Tokyo: Amazake Yokocho preserves Showa custom of selling sweet sake
16:59 JST, March 30, 2021
Nihombashi-Ningyocho in Chuo Ward, Tokyo, was once a thriving nightlife district that was home to a collection of traditional Japanese restaurants where geisha gathered to entertain guests during meals and banquets.
Just off Ningyocho-dori — the central avenue in the district — stretches a small lane called Amazake Yokocho, which literally means “sweet sake alley.”
The alley is named after a sweet drink made from fermented rice that, despite its name, is virtually nonalcoholic. The beverage’s sweet scent wafts from the shops lining the lane.
I wondered about the origin of such a name and decided to take a stroll in this charming alley to learn more.
Showa spirit
As I walked along the main avenue lined with various stores such as one selling ningyoyaki — a light sponge cake filled with sweet red bean paste — and a butcher’s shop, an emerald green banner caught my eye.
“Shitamachi promenade Amazake Yokocho” it read, with shitamachi being the low-lying area of eastern Tokyo near Tokyo Bay.
As if drawn in by the lettering, I turned the corner and entered an alley lined on both sides with many little shops. One was selling taiyaki — a fish-shaped pancake filled with sweet red bean paste — and another had tofu products on offer.
This is Amazake Yokocho, which spans about 400 meters and leads to the Meijiza theater.
“There once stood an amazake shop called Owariya at the entrance of the alley,” said Seiji Sasaki, explaining the origin of the back street’s name. Sasaki, 72, was born and raised in the area and is the head of the Amazake Yokocho business association.
From the Meiji era (1868-1912) to the early Showa era (1926-89), throngs of people came to this alley, the heart of which was the Owariya amazake shop.
According to Sasaki, the alley back then was situated just south of the present location and was much narrower. The back street was moved to the present location and widened as a result of the town’s rezoning as part of the area’s post-quake reconstruction in the wake of the Great Kanto Earthquake of 1923.
Along with old shops such as a long-established bamboo ware store, new ones have popped up, including a fashionable pizzeria. The historic alley has evolved into a shopping street with a colorful array of stores.
“I sometimes passed geisha on my way home from school and heard the sounds made by the ironware in which taiyaki is baked,” said Joji Yamada, 57, who was born in the neighborhood and is the proprietor of restaurant-bar Ballade.
Yamada nostalgically recalled the Amazake Yokocho of the Showa era. “Back then, the alley was richly imbued with the atmosphere of that period,” he said.

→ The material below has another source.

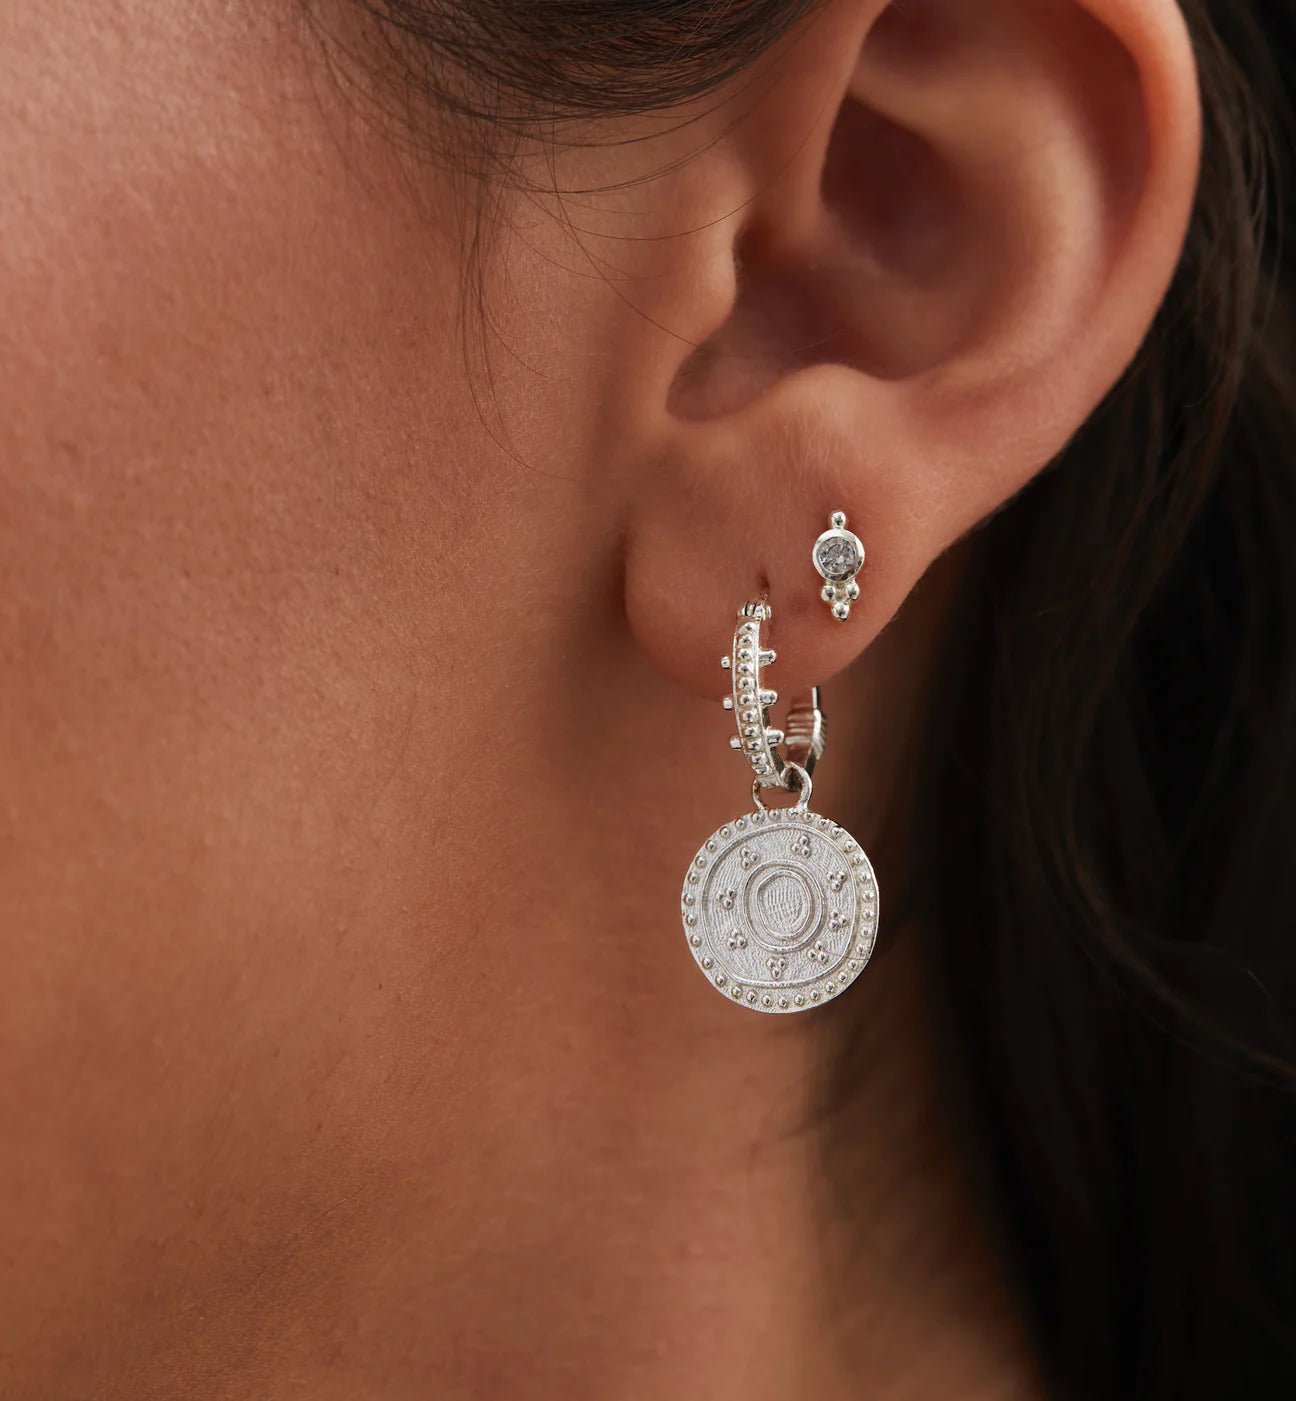 A woman's ear with an Anna + Nina Single Dot Stud - Silver coin and a 925 sterling silver earring.

According to Yamada, who has been doing research on the history of Ningyocho for over 30 years, Owariya was thrived until the early Showa era. Many people got off the tram that used to run on present-day Ningyocho-dori and walked past the amazake shop on their way to Suitengu shrine, where many go to pray for safe childbirth.
Rebirth
Owariya closed down in the 1950s, much to the regret of those in the neighborhood.
Amazake Yokocho had lost its symbol, and instead came to be called “Meijiza-dori.”
However, people wondered if it was right to let the flame of the history of this alley and its long-cherished name be extinguished.
Many local residents resisted this, and momentum grew for reviving the Amazake Yokocho name.
In 1982, signboards and banners that conveyed the origin of the alley’s name were set up, and an organization — the predecessor of the current Amazake Yokocho business association — was founded.
From 1983 onward, an event held every March has been organized to distribute free cups of amazake, and the circle of people working to revitalize the district began to widen.
About 10 years ago, the area was used as a location in a TV drama set in Ningyocho, and the name Amazake Yokocho became known across the entire country. Sasaki, the local business association head, said shops selling the drink popped up around that time.
“Being Amazake Yokocho, we have to serve amazake,” Sasaki said.
Passing the torch
However, one shop in the alley has been selling amazake for decades: Gyukueido, a Japanese-style confectionery that operates at the former site of Owariya.
“I clearly remember hearing both my father and grandfather say, ‘Owariya strongly wished that amazake wouldn’t die out’” in Amazake Yokocho, said Yasuto Imae, 54, the proprietor of Gyokueido.
Before Owariya shut down, the owners stipulated one specific condition to the many merchants who sought to open a shop at the site with such a favorable location and plenty of pedestrian traffic: “Sell amazake.”
Owariya selected Gyokueido and passed down its amazake recipe.
Speculating on the origin of the alley’s name, Imai said, “People in the neighborhood would often use the amazake shop on the corner as a landmark when sending employees out to run errands.”
Requests to “go to the alley with the amazake shop on the corner” imperceptibly became connected with the Amazake Yokocho name, Imae said.
“I want to protect the alley’s name, which has been cherished from long ago, and the taste of the amazake that was inherited from Owariya,” he said.